In a 1948 essay on the death of Gandhi, Macdonald compared the latter to Leon Trotsky, who had also died by an assassin’s hand eight years earlier. Both these figures were former lodestars for Macdonald, who by the late 1940s had long since abandoned his youthful Trotskyism and was also moving away from his pacifist creed. The essay attempts to find an enduring lesson in how they reacted to the failure of their movements and ideas. Both, he said, had seen themselves “rebuffed by History,” but this was less important than the fact even in defeat, they still tried to give “some kind of meaning, of consciousness to modern political life.” 

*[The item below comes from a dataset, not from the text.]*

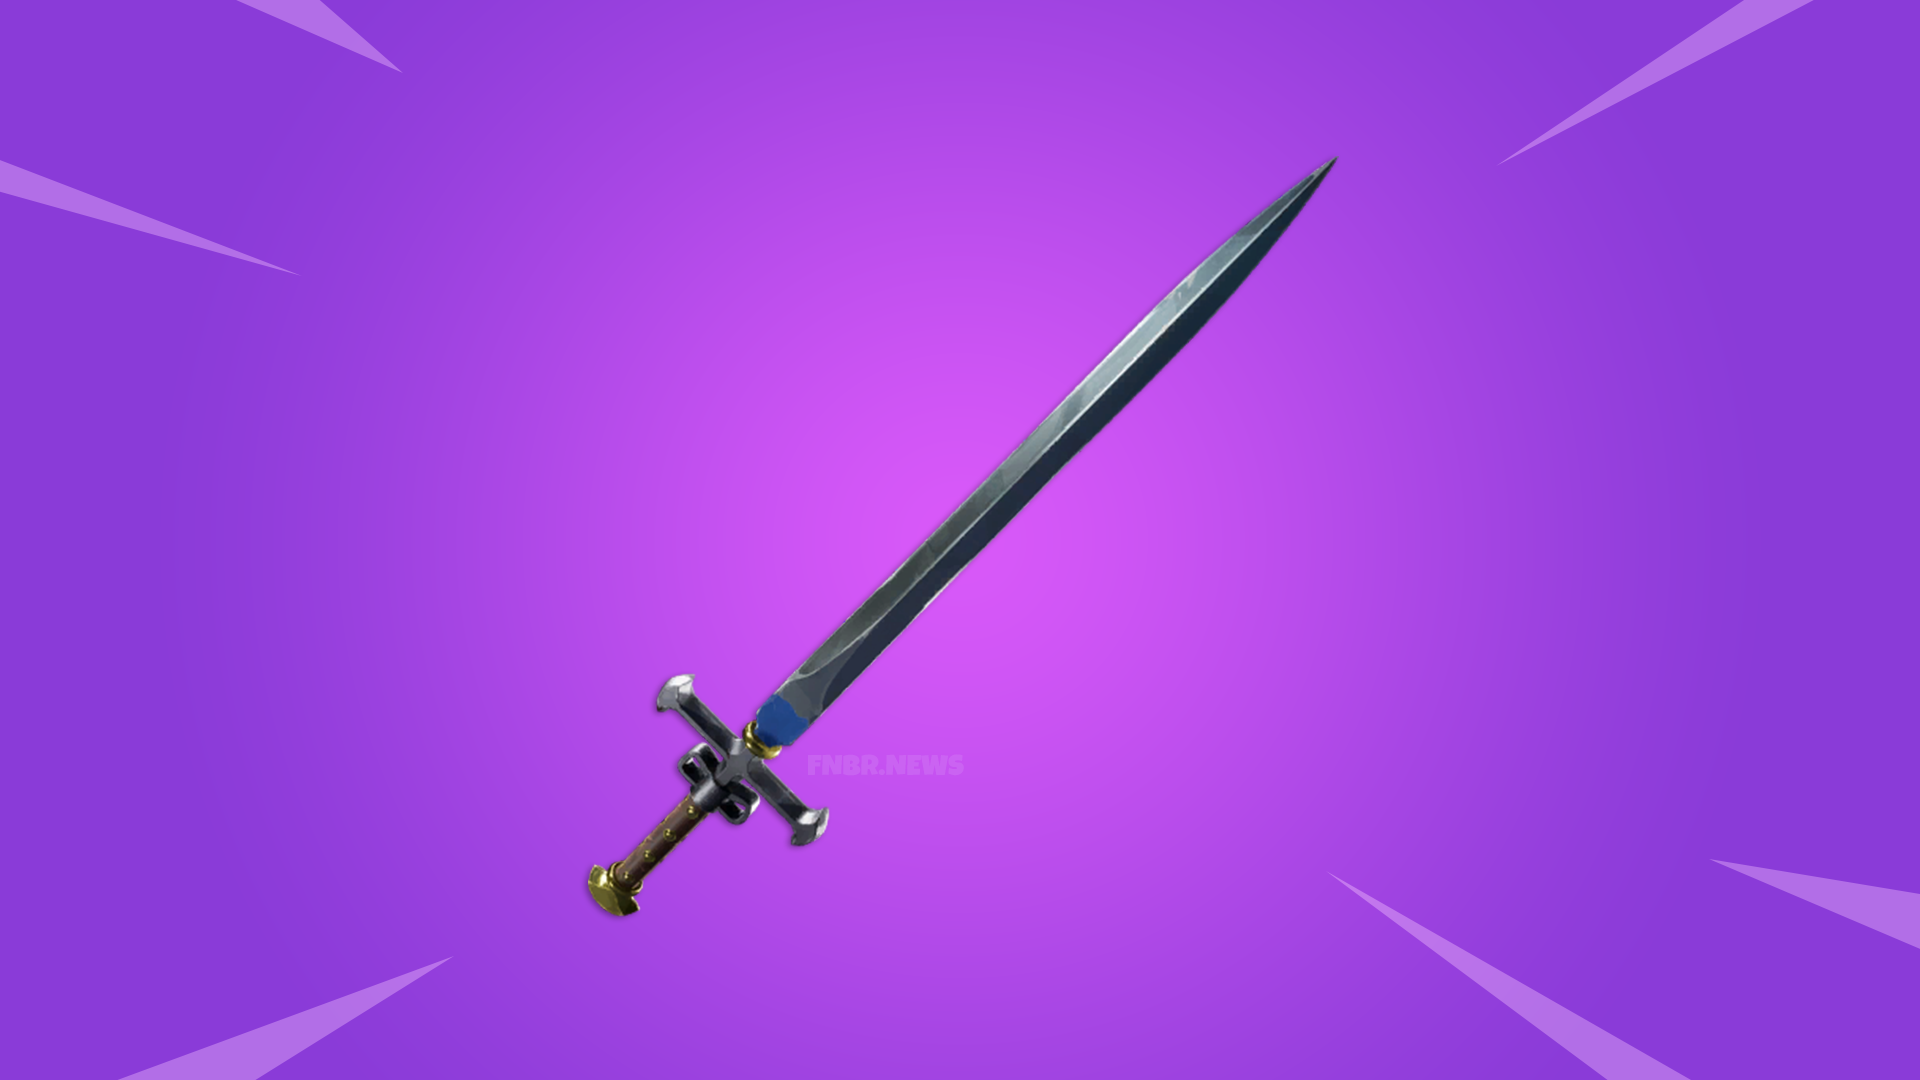 Leak: Medieval Sword Weapon Coming to Fortnite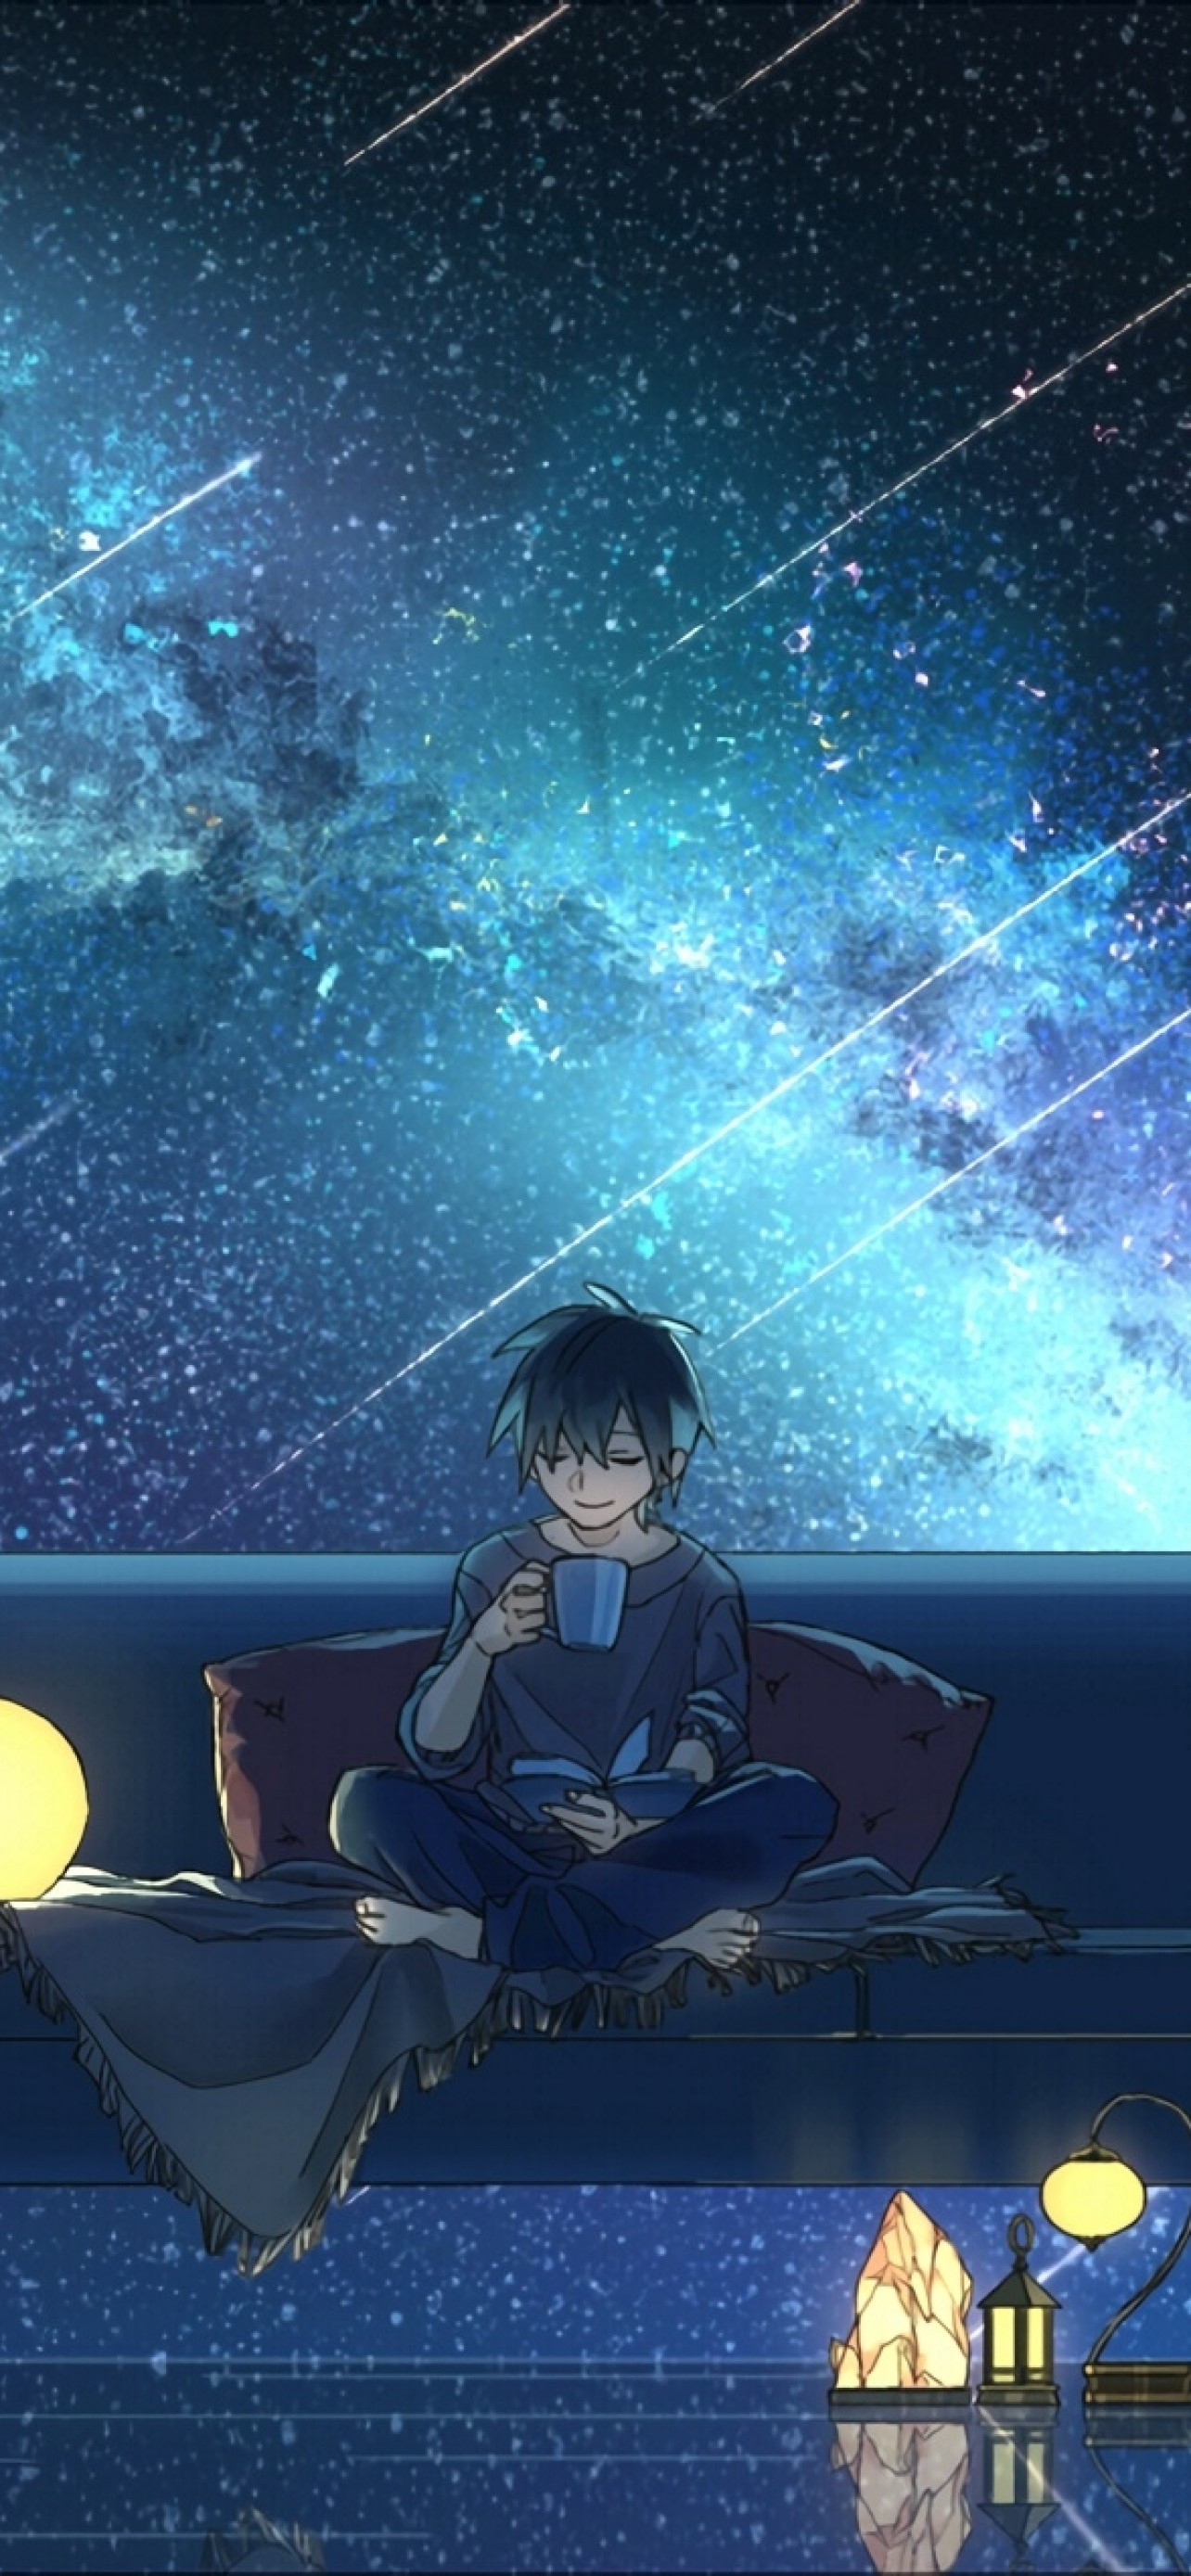 Download 1284x2778 Anime Boy, Anime Landscape, Starry Sky, Night, Scenery, Barefoot, Drink, Faling Stars Wallpaper for iPhone 12 Pro Max

Gandhi, Macdonald said, “was the last political leader in the world who was a person, not a mask or a radio voice or an institution.” He was also hinting here at how he saw his own literary vocation. In another essay, he remarks of Politics that “a ‘little magazine’ is often more intensively read (and circulated) than the big commercial magazine, being a more individual expression and so appealing with special force to individuals of like minds.” Although he went on to write for publications with far larger circulations, including The New Yorker, he concluded he was better known for his work in Politics because his human presence was better felt by more of his readers. Here, then, is some final inspiration from Macdonald, appropriate for these pages: Perhaps little magazines can still serve as a refuge for human individuals in a new age of cultural and political automatism.